SCAIM Seminar: Hans De Sterck
- Date: 07/12/2016
- Time: 12:30
University of British Columbia
Accelerated Parallel Optimization Algorithms for Distributed Data Analytics in Apache Spark
Scalable parallel optimization methods are gaining importance for a wide range of machine learning applications, for example, as implemented in the machine learning library of the Apache Spark distributed data processing environment. I will discuss our work on accelerating parallel algorithms for two common applications in this area: matrix factorization for recommendation systems, and line search methods for problems such as logistic regression.

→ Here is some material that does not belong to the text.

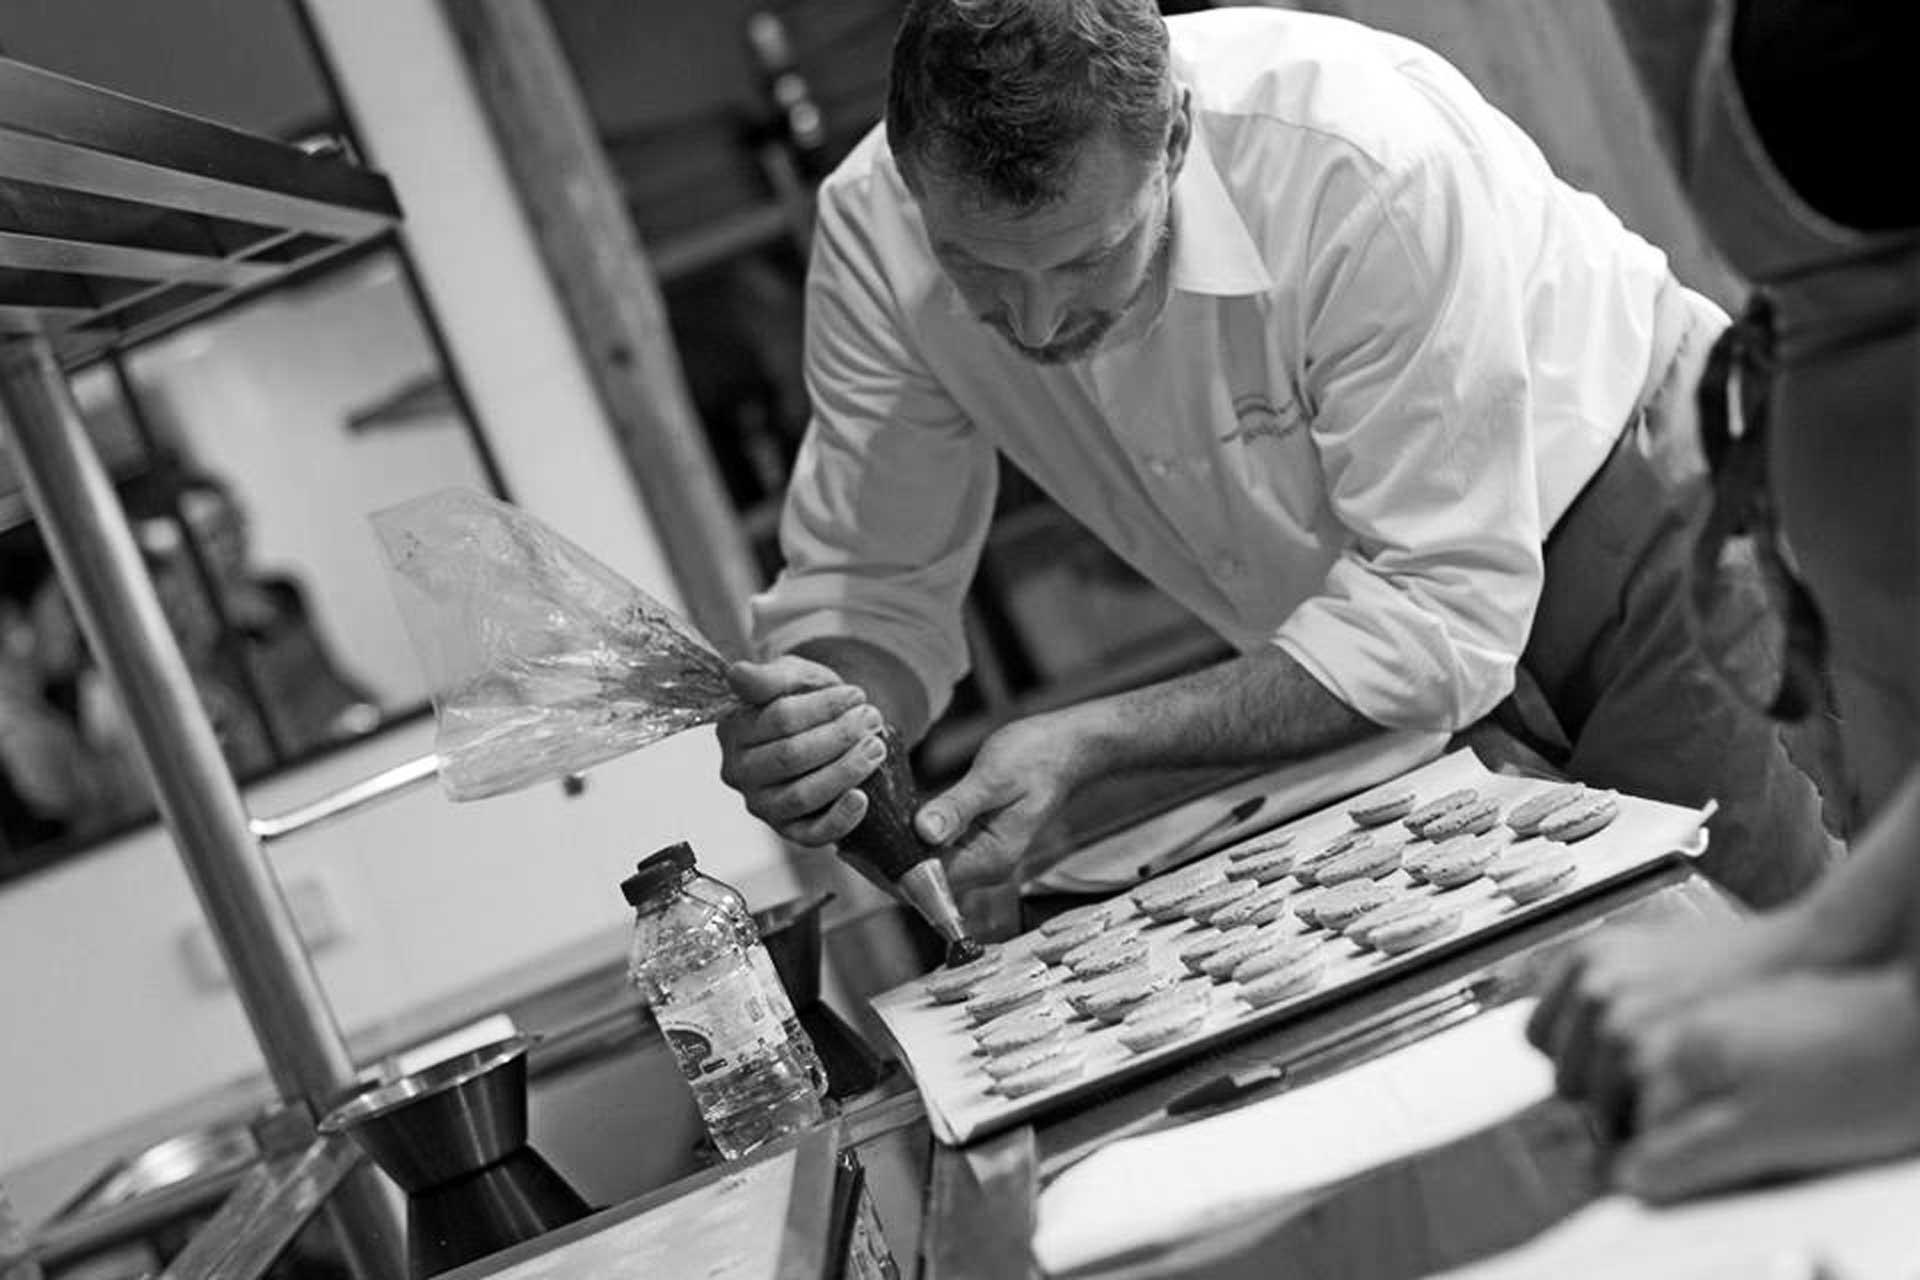 photo-bon-cadeau-nicolas-denis-chef-patissier-macaron-magnanerie-seillans-provence-var

For the recommendation application, we accelerate the standard Alternating Least Squares (ALS) optimisation algorithm using a nonlinear conjugate gradient (NCG) wrapper around the ALS iterations. In parallel numerical experiments on a 16 node cluster with 256 computing cores, we demonstrate that the combined ALS-NCG method requires many fewer iterations and less time (with acceleration factors of 4 and more) than standalone ALS to reach movie rankings with high accuracy on the MovieLens 20M dataset and synthetic datasets with up to nearly 1 billion ratings (http://arxiv.org/abs/1508.03110).
The second part of the talk discusses a new type of parallel line search for large-scale unconstrained minimization of smooth loss functions such as logistic regression. We present a new line search technique that computes more accurate minima by evaluating a Taylor polynomial approximation to the loss function, which also reduces the parallel communication costs, resulting in overall efficiency gains of a factor of 2 or more in parallel compared to existing approaches (http://arxiv.org/abs/1510.08345).
This is joint work with Mike Hynes.
Location: ESB 4133
Lunch will be provided